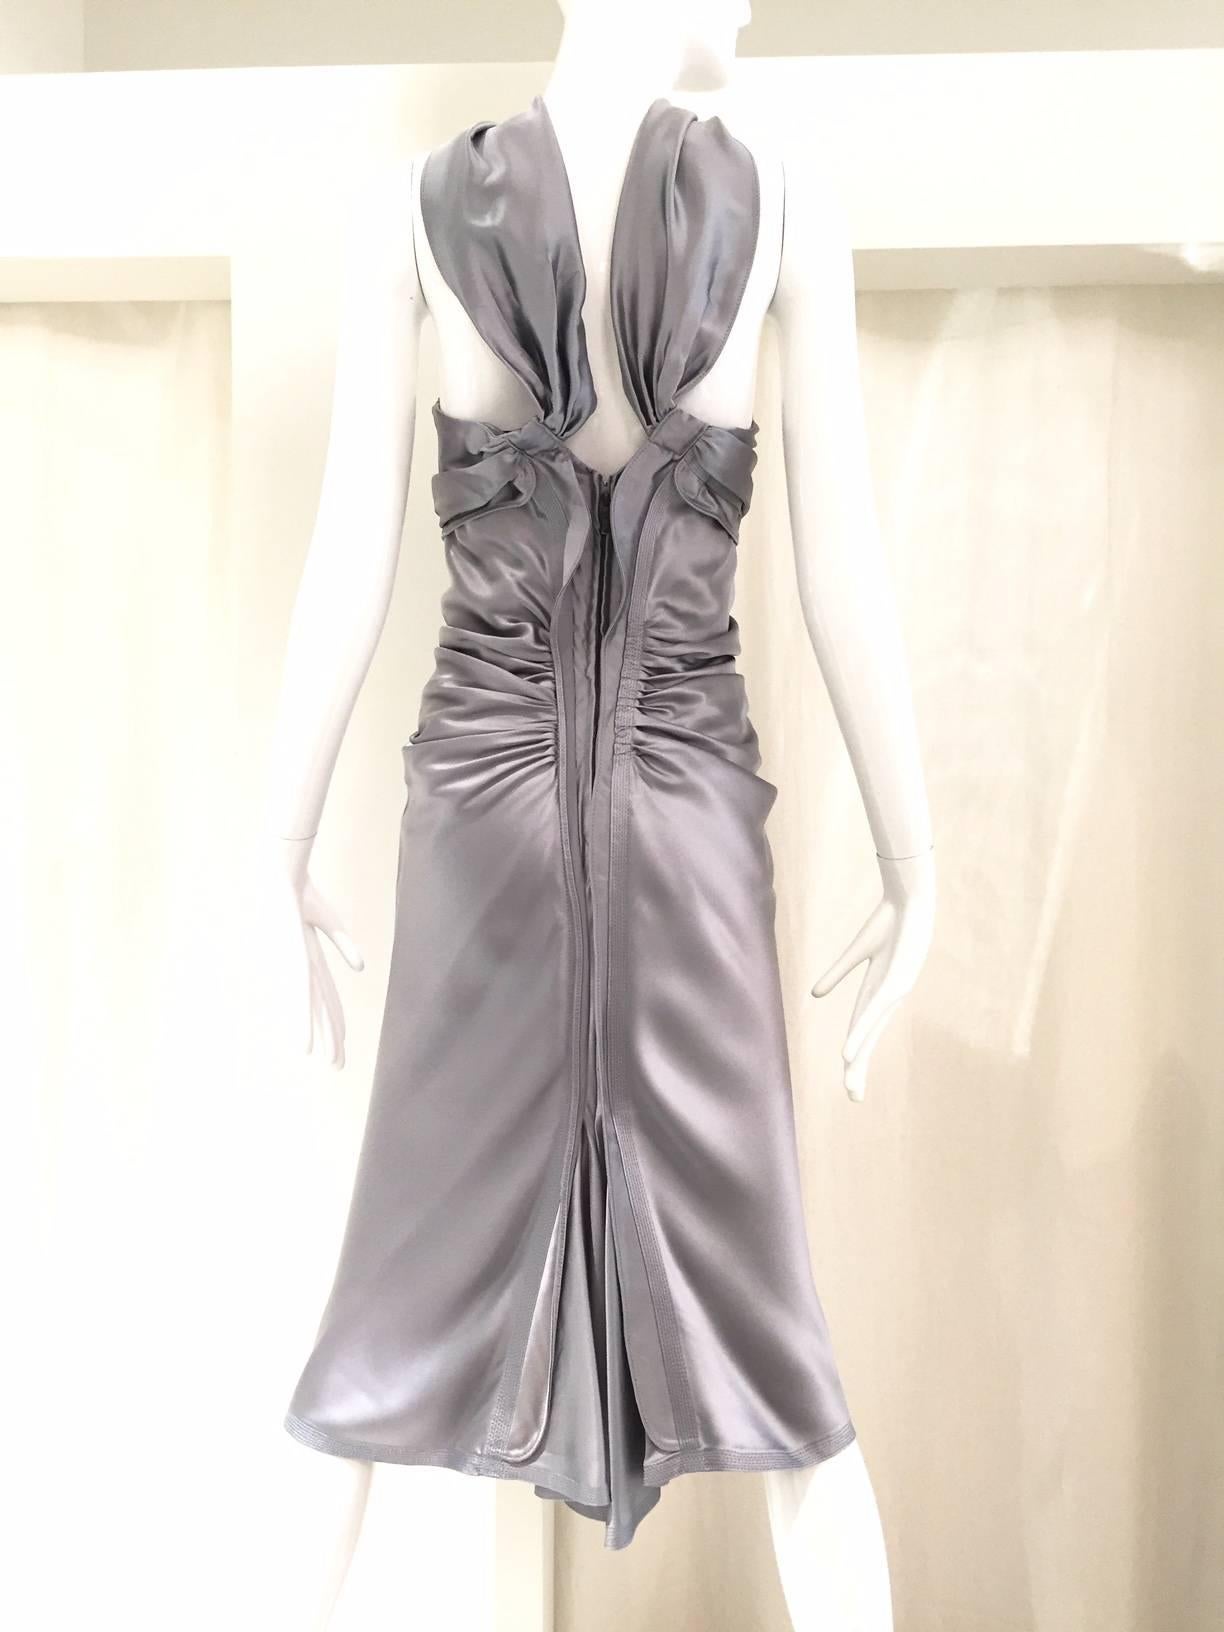 2003 Yves Saint Laurent by Tom Ford grey silk charmeuse cocktail dress.
Marked size: 36F / Fit US 2
Bust: 32
◆ ◆ ◆
_Exercise prompt_
Copy the data word for word. Pictures do not go in the copy.

_Answer section_
 2003 Yves Saint Laurent by Tom Ford grey silk charmeuse cocktail dress.
Marked size: 36F / Fit US 2
Bust: 32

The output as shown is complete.